Centotrentasette voti contro, 104 a favore e 13 astenuti. È una raccomandazione di voto tutt’altro che solida quella espressa sabato dai delegati del Plr, riunitisi sabato a Ginevra, in merito all’iniziativa ‘200 franchi bastano!’ (o Iniziativa Ssr) sulla quale popolo e cantoni sono chiamati a dire la loro l’8 marzo. Sostenuta dai Giovani Liberali Radicali, l’iniziativa – che mira a ridurre l’importo del canone radiotelevisivo a 200 franchi e a esentare tutte le aziende – ha dato luogo a un’animata discussione. Per Jonas Lüthy, presidente dei Giovani Plr e membro del comitato promotore dell’iniziativa, “si tratta di giustizia fiscale, giacché i prodotti della Ssr sono sempre meno consumati”. A suo parere, “un media pubblico ha tutta la sua ragion d’essere”, ma la Ssr deve fornire “un’informazione indipendente”, invece di produrre “di tutto e di più”.

“L’iniziativa impone alla Ssr lo stesso mandato – informazione, formazione e intrattenimento – riducendo però il suo budget della metà. Questo non sarà possibile”, ha avvertito dal canto suo la consigliera nazionale ginevrina Simone de Montmollin. Sottolineando la solidarietà e la coesione nazionale, la ginevrina ha difeso il controprogetto del Consiglio federale che fissa un tetto massimo al canone (300 franchi entro il 2029) ed esenta l’80% delle imprese.

Focus sulla lotta alla criminalità

Più netto, com’era lecito attendersi, il risultato della votazione sull’imposizione individuale, controprogetto indiretto all’iniziativa delle Donne Plr contro il quale sono stati lanciati due referendum e su cui si voterà l’8 marzo. I delegati hanno invitato a larga maggioranza ad approvare questa riforma fiscale, che i sondaggi al momento danno vincente.
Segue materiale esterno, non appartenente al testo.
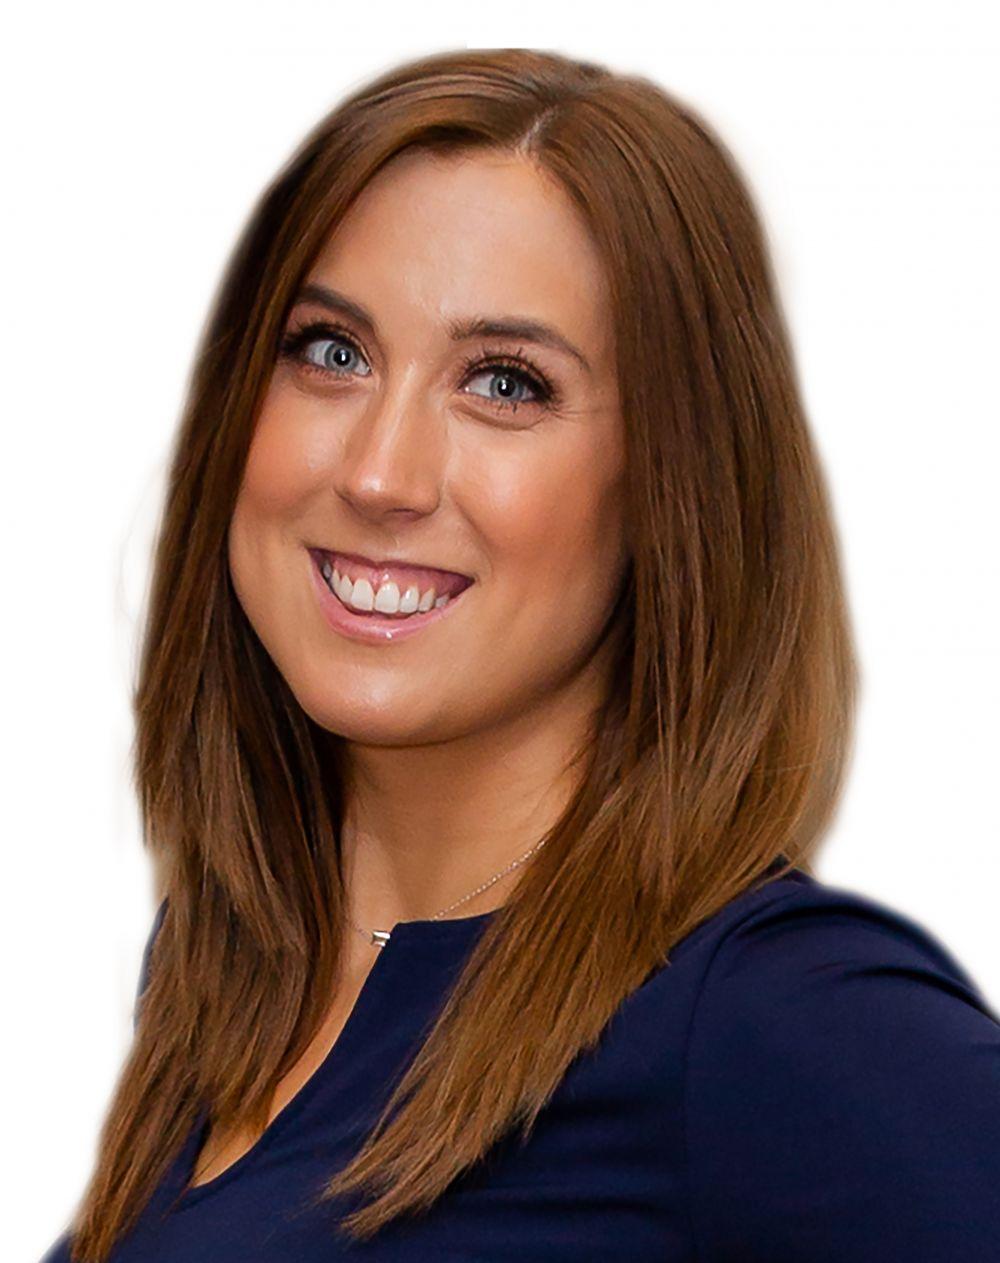 Mandy Whitlock

Secco no, infine, anche al fondo per il clima e all’iniziativa ‘No a una Svizzera da 10 milioni’, che sarà sottoposta a votazione il 14 giugno.

I delegati hanno anche approvato un documento programmatico anti-criminalità: tra le dodici rivendicazioni incluse nel documento figura l’abolizione della condizionale per i reati violenti e sessuali, l’aumento dell’organico della polizia e della magistratura e il prolungamento della detenzione preventiva a 48 ore. Controlli più rapidi alle frontiere, mantenimento degli accordi di Schengen e Dublino minacciati dalla citata iniziativa dell’Udc e rafforzamento degli accordi di riammissione figurano tra le rivendicazioni liberali-radicali.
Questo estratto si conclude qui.